A parsons chair is a special kind of upholstered dining chair. The name has nothing to do with the clergy. The chair was named for its origin – it was created in Paris in the 1930s, by a designer at the famous Parsons School of Design.

When designing the chair, the Parsons School designers didn’t radically reinvent the idea of the chair (as, say, the Bauhaus did in Germany). Instead, the designers streamlined historical influences, kept what worked, threw away what didn’t, and created an enduring modern classic. The main traits of this – its naturalism, simplicity and linear look – are classic Modernist traits, but the style reflects 1800s Mission and Arts and Crafts styles, the Art Nouveau styles that emerged later, and the Art Deco that was contemporary at the time of the parsons chair’s design. The simplicity of the chair fits with these styles and a great variety of others, both classic and modern.
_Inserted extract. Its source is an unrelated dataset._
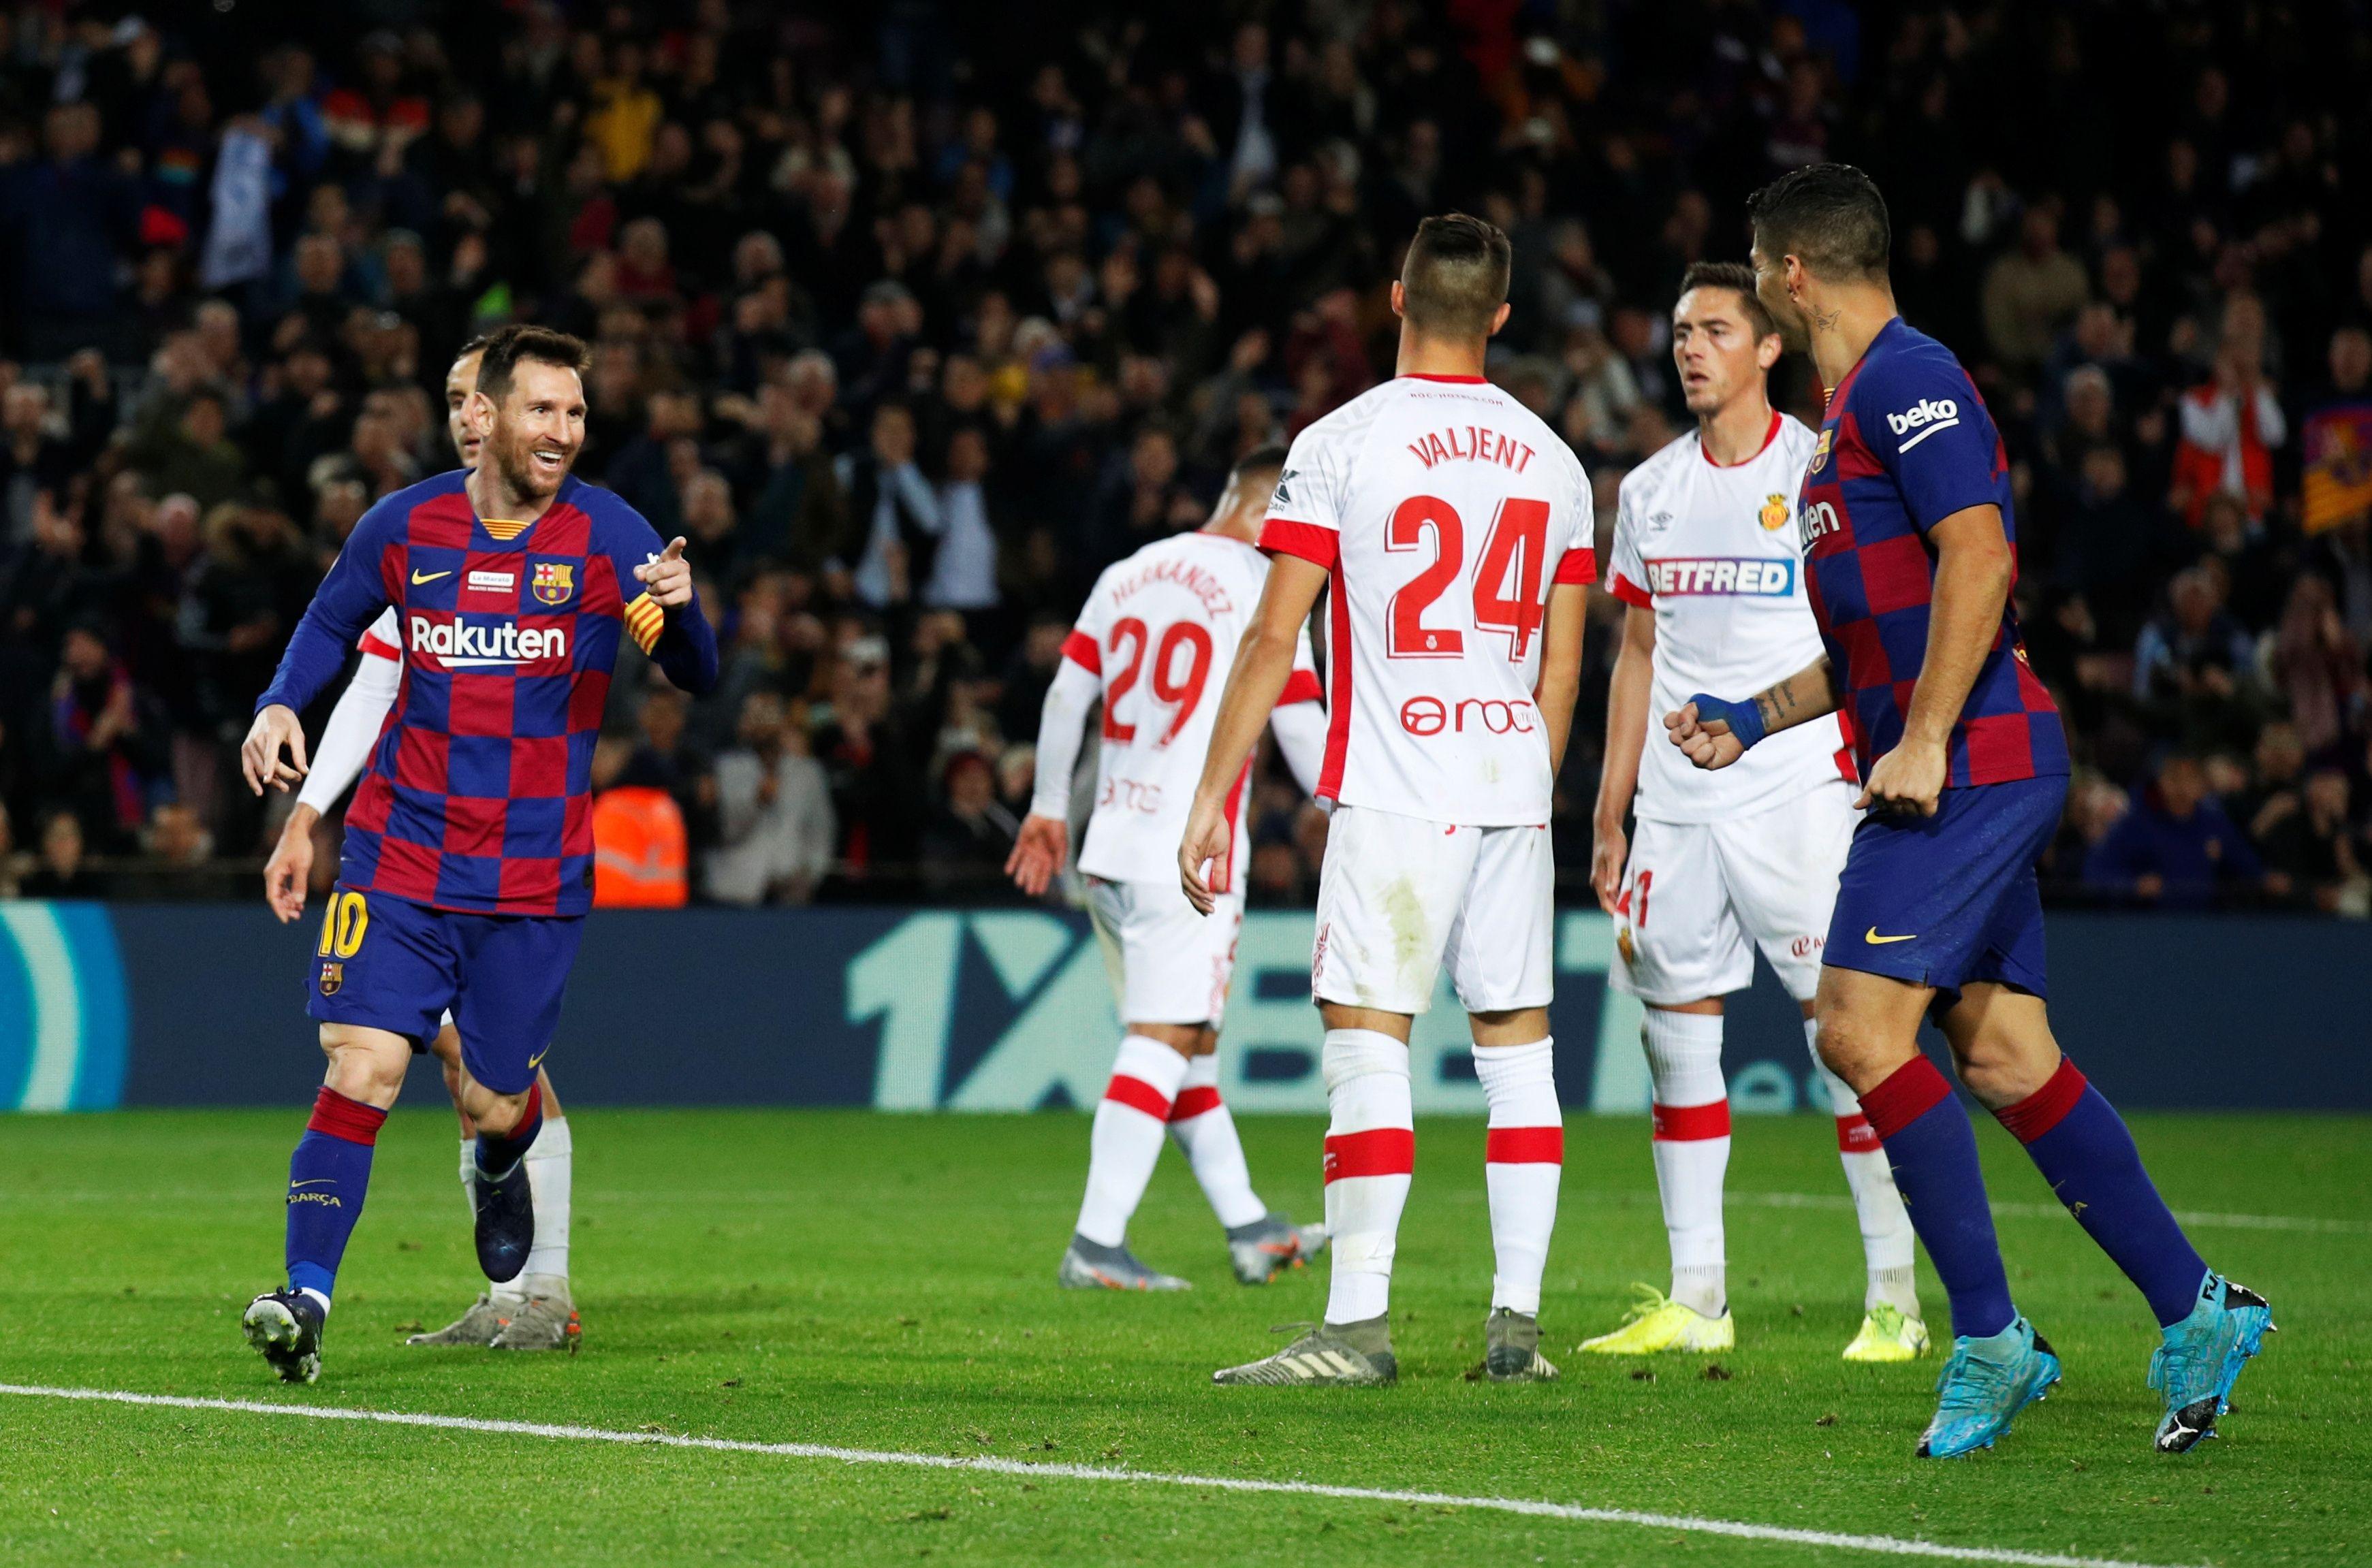 Con la presencia de Lionel Messi, Barcelona vuelve a la acción defendiendo la cima de La Liga: toda la agenda del día  - Infobae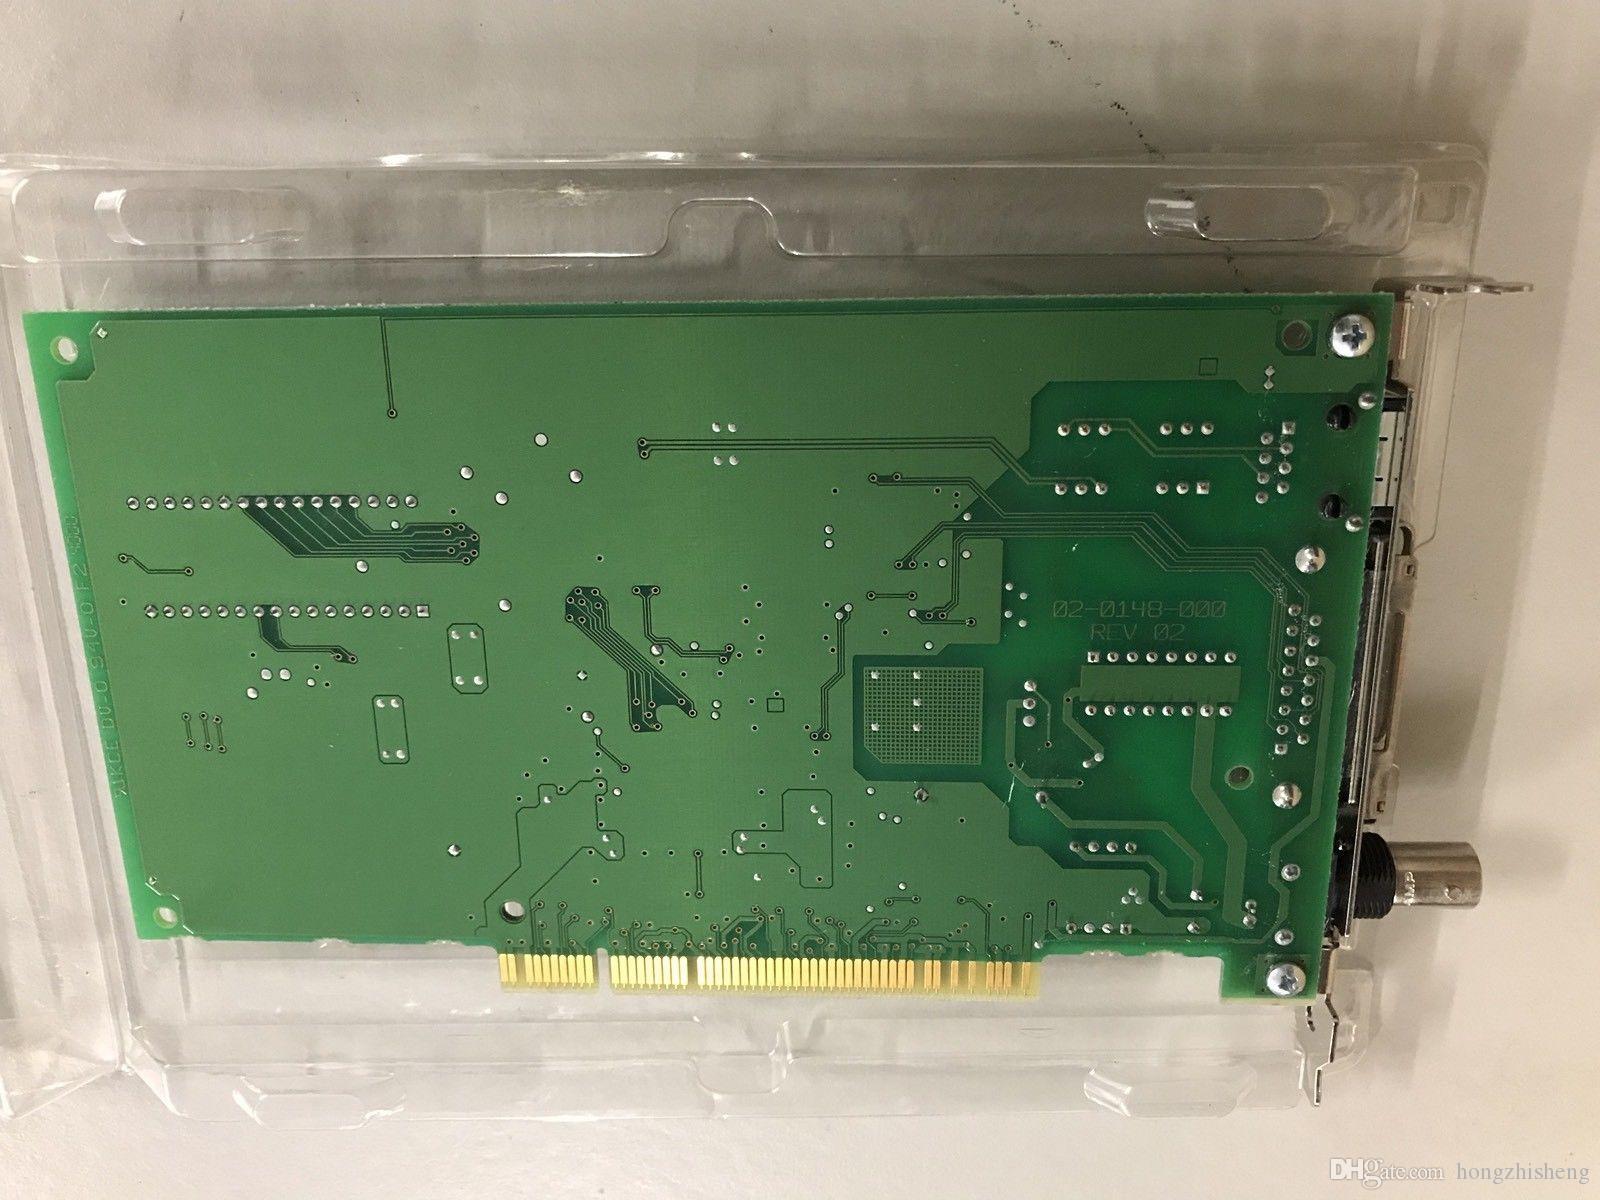 плата промышленного оборудования Сетевой адаптер PCI-интерфейс BNC AUI 3C900B-COMBO 03-0148-000 REV-A

Originally, it was meant to be used in a set with the parsons table, whose linear look reflects a similar aesthetic in the matching chair. However, in a bit of irony, the simplicity of both has led to them being adapted separately into many styles of furniture and decor. The result? Today, they are rarely seen together. The parsons style is so adaptable that many who own a parsons table or a parsons chair have no idea that companion pieces exist. The parsons chair is virtually always crafted of hardwood, and features a slightly curving, squared backrest and legs. They are usually featured with slipcover upholstery that entirely covers the legs and gives it a solid, monumental appearance. This slipcover is optional or absent on many recent models.

Most parsons chairs nowadays are direct clones of the original Parsons School design. However, many recent variations exist, including versions with cabriole legs, Chippendale-influenced designs, shorter or taller designs, and versions with armrests, versions inspired more or less by Art Nouveau or Art Deco, and so on. The original Parsons School design was upholstered in leather, and this is still a very popular upholstery option, though microfabrics are increasingly used. The wide variety of options available today should ensure that you’ll be able to find one that’s right for you.

Due to its simplicity, comfort and ease of cleaning, the parsons chair remains enduringly popular, especially in restaurants. In fact, you might already own and enjoy one without realizing what it is. We hope that knowledge of this chair’s history should deepen your appreciation for this unique design.